C’est un terme auquel on s’habitue peu à peu : les patients experts. Des personnes qui ont connu la maladie et qui aident d’autres patients dans leur parcours. Une aide précieuse mais qui nécessite qu’on en définisse précisément les contours.

Tout a commencé à la fin des années 80 début des années 90 avec les associations de patients qui luttaient contre le VIH/sida. J’ai le souvenir de conférences médicales où les membres de ces associations en savaient autant et parfois beaucoup plus que les médecins censés les suivre. Meilleure connaissance de leur pathologie, et des effets secondaires des très rares traitements existant à l’époque, AZT, DDI et l’arrivée des anti-protéases en 1996 avec l’avènement des trithérapies.

Ce rôle précurseur, que les associations de lutte contre le cancer n’avaient pas su tenir, est un peu à l’origine de ce phénomène de patients experts (PE)
Le contexte de la prise en charge des patients a beaucoup évolué avec le temps et avec l’accès pour tout un chacun à des informations autrefois réservées au seul corps médical.
La mise en œuvre de thérapeutique par voie orale ou injectable n’imposant plus de séjours hospitaliers a aussi renforcé le besoin de mieux appréhender l’impact de la maladie et des traitements sur la qualité de vie.

Besoin d’informations

Il est donc logique que dans un certain nombre de pathologies chroniques se soit fait sentir le besoin d’avoir plus d’informations venues du terrain en même temps que la volonté d’une plus grande implication des patients dans la décision thérapeutique se faisait jour.
Vivre avec une maladie chronique, un diabète une insuffisance cardiaque, une sclérose en plaques ou un cancer ne s’apprend pas dans les livres de médecine.
Tout ce vécu, son retentissement sur la vie de tous les jours ne peut être rapporté que par celles et ceux qui sont passés par là. Et même si chaque cas est unique, il y a des points communs à tirer de chaque vécu.
Ce « retour d’expérience » ne peut qu’être précieux au monde des soignants dans leur façon de gérer et d’appréhender le cas des patients.
De même, et sans doute encore plus, en ce qui concerne les traitements. La connaissance livresque de certains effets secondaires n’a rien à voir avec le vécu.
De plus certains de ces effets ne vont apparaitre qu’après des mois de commercialisation du produit. Les essais cliniques concernent quelques milliers de patients et certains effets n’apparaissent qu’après cent mille utilisations, par exemple.

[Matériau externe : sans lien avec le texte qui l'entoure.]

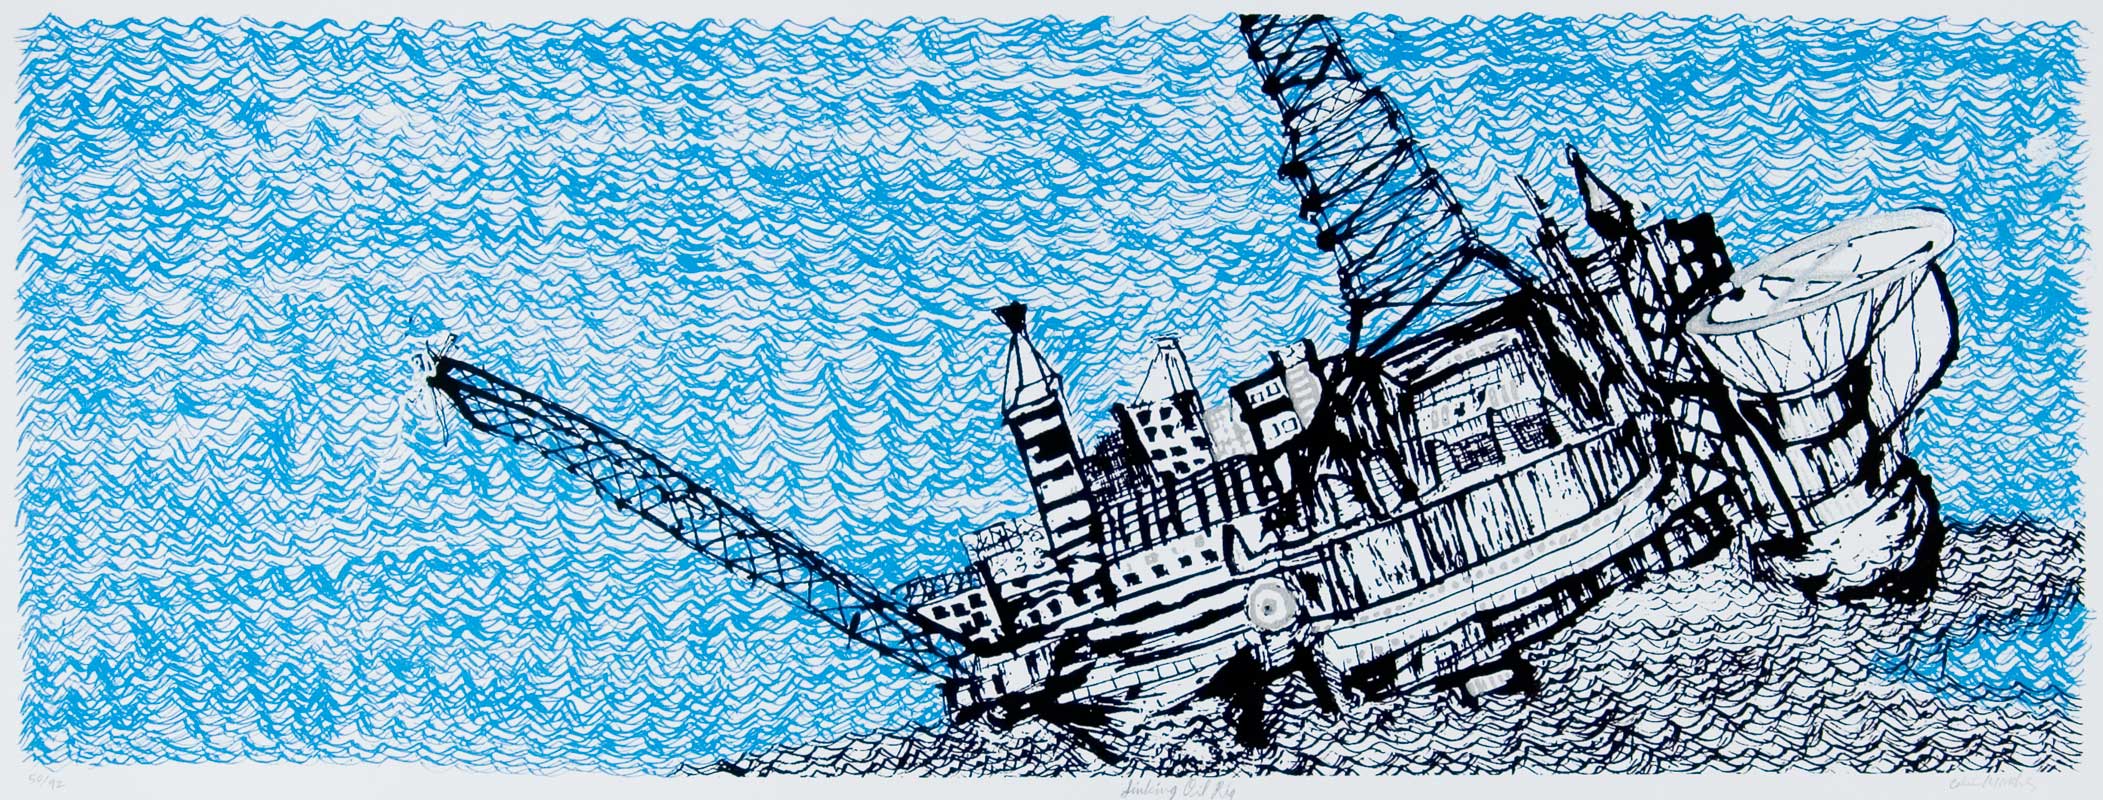 Justseeds Sinking Oil Rig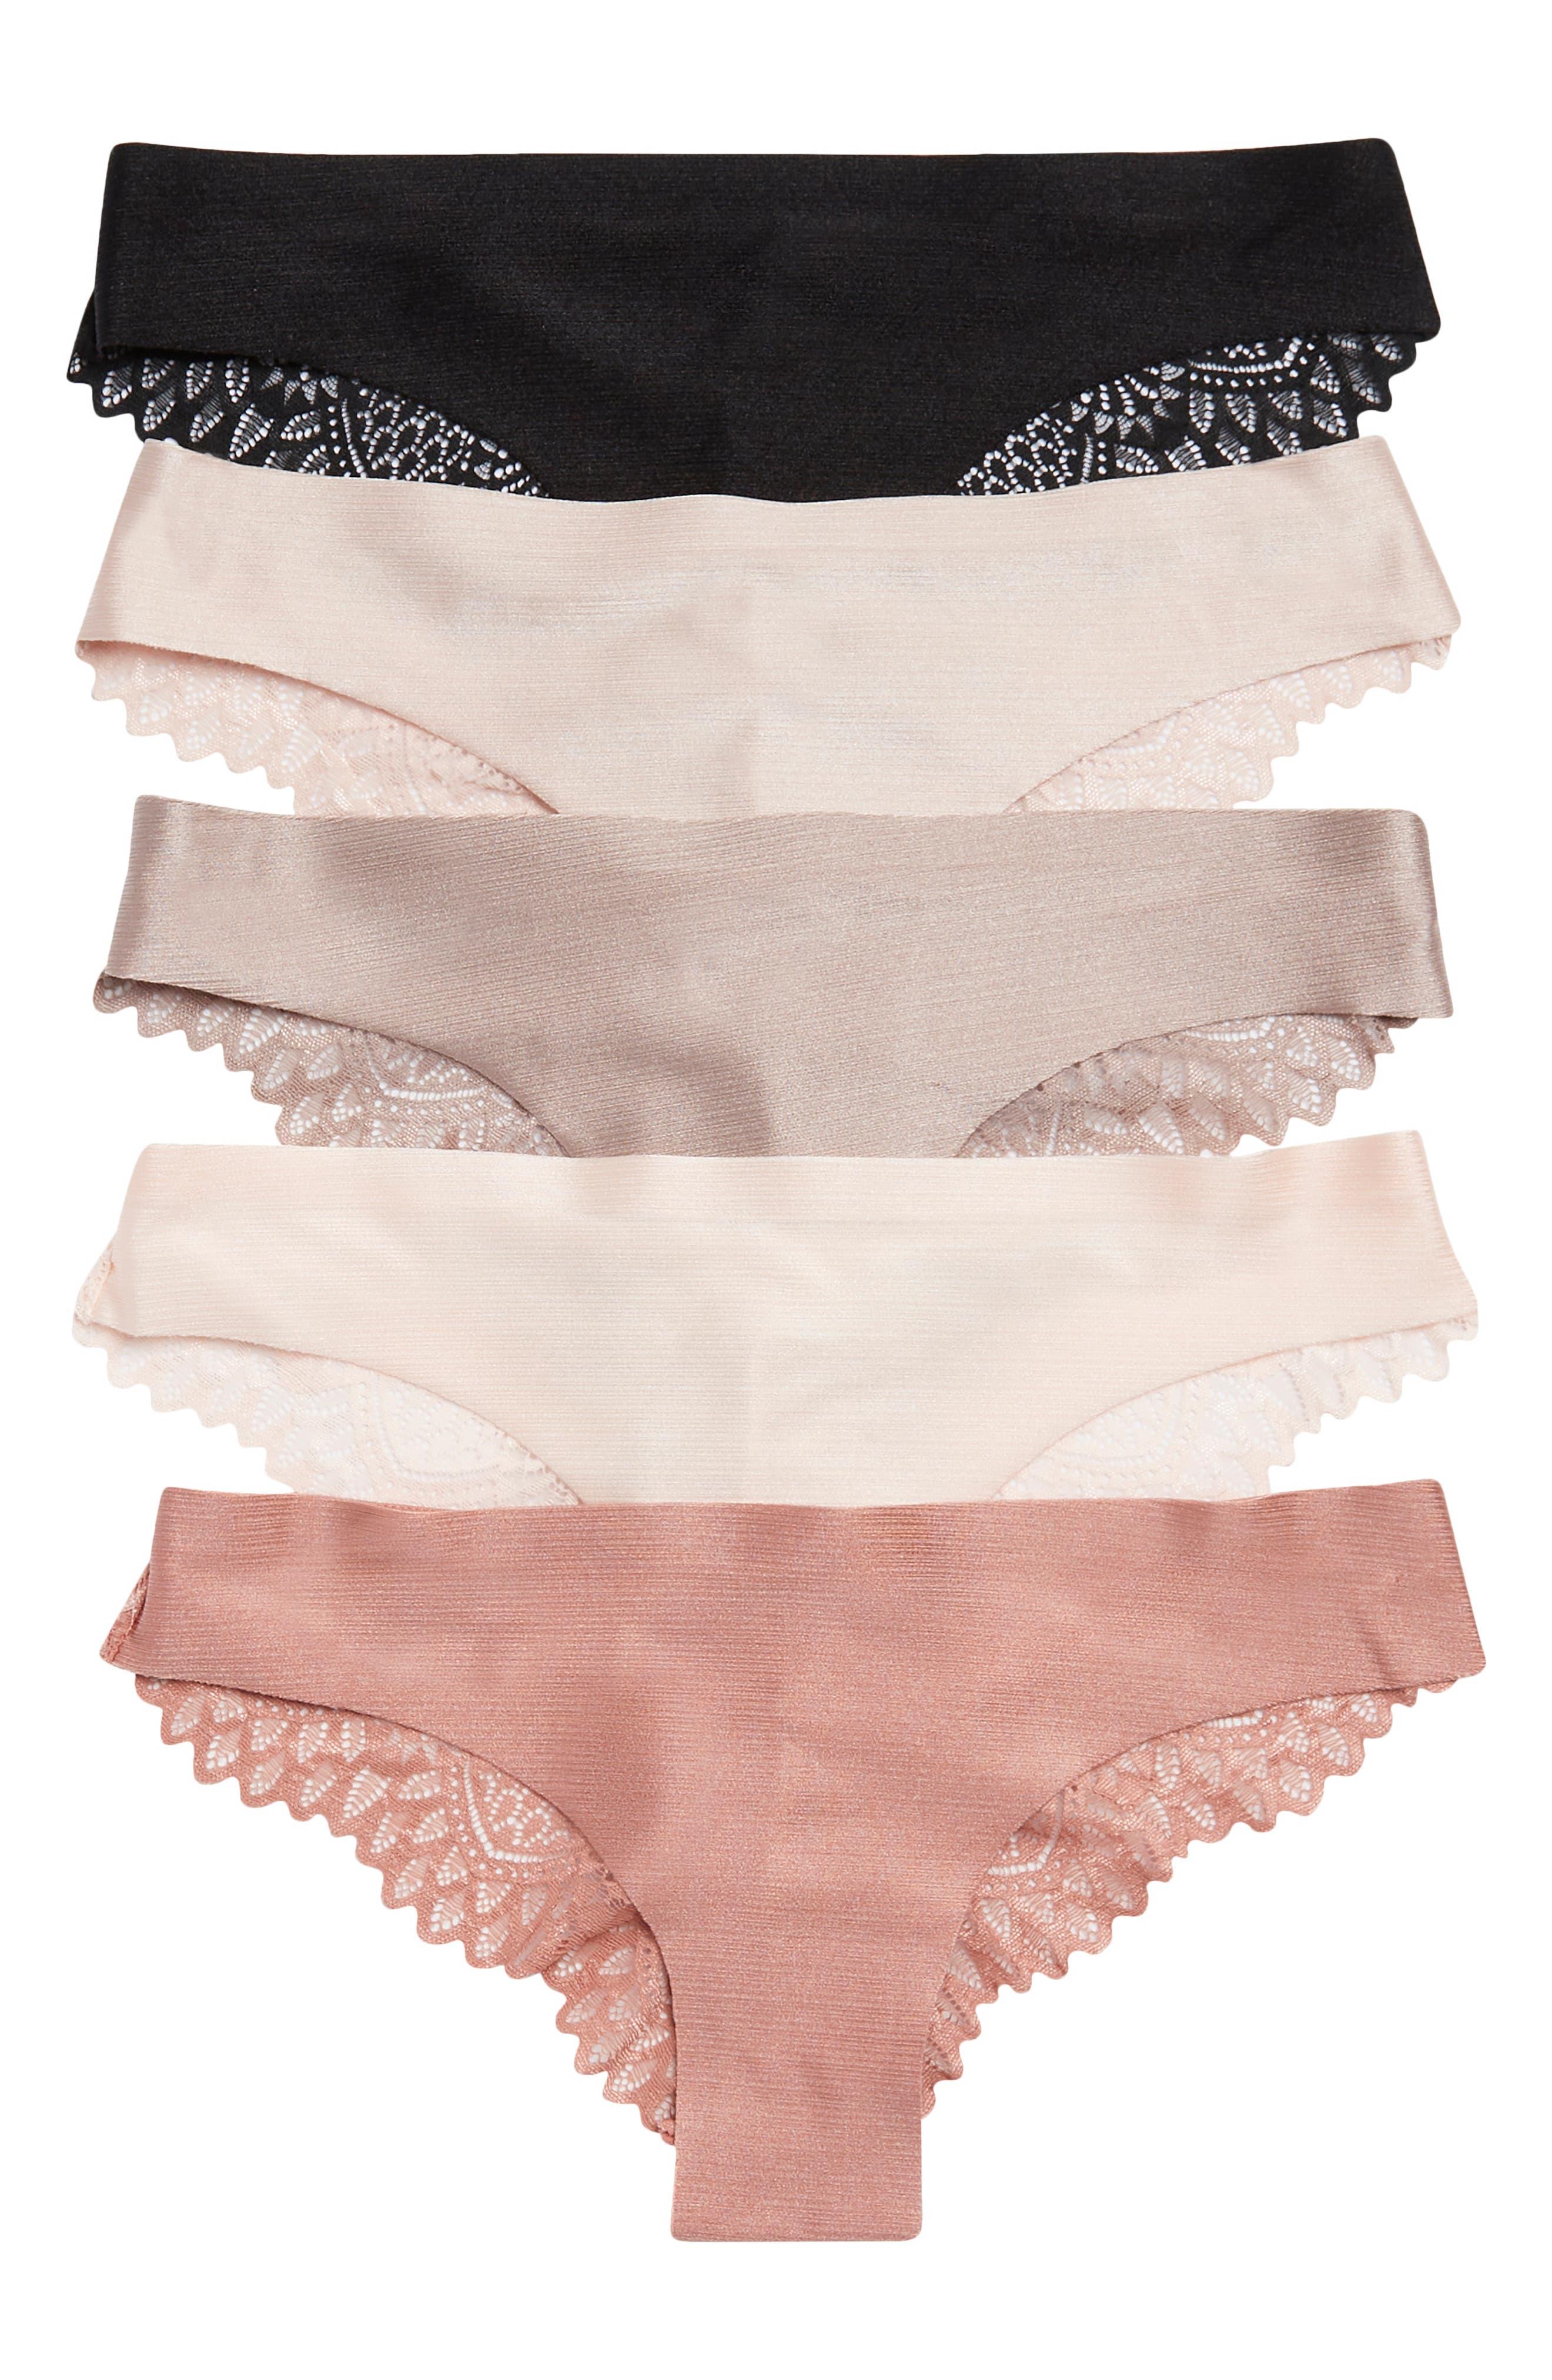 Adrienne Vittadini Assorted 5-pack Shine Micro Laser Lace Briefs in Pink

Ces effets secondaires se manifestent hors les murs de l’hôpital, et impactent la qualité de vie.
La médecine n’a pas toujours la réponse à ces problèmes, alors qu’il arrive souvent que les patients aient découvert la solution.
Prenons l’exemple des douleurs articulaires survenant après certains protocoles de traitement d’un cancer du sein.
C’est sous l’impulsion de patientes et grâce à leur retour qu’on a compris que l’acupuncture pouvait apporter un soulagement et, aujourd’hui, cette solution est souvent proposée aux patientes.

Les patients experts peuvent donc apporter une information sur divers aspects du vécu de la maladie qui va faire que la personne soignée se sentira mieux entourée et que l’adhésion au protocole de soins n’en sera que meilleure.

Expérience de la vie réelle

Et ce suivi dans le cadre d’activités associatives, hors les murs de l’hôpital peut avoir un grand intérêt, surtout quand il est difficile et long d’avoir un rendez-vous avec le spécialiste ou quand un personnel infirmier surchargé et dont on a appauvri les tâches ne peut pas jouer son rôle d’éducation thérapeutique.

La question qui se pose en filigrane c’est de déterminer le rôle et la place de chacun.
Au moment de la prescription, par exemple, il est logique que le patient exprime sa volonté d’être partenaire de la décision, d’avoir en quelque sorte plus que son mot à dire. Pour cela il a besoin de beaucoup d’informations, pas des rumeurs qui trainent çà et là, mais d’informations médicales et d’expériences de la vraie vie.
Mais au final, la décision partagée concernera le patient et son médecin. Le patient expert ne devrait pas intervenir dans ce processus.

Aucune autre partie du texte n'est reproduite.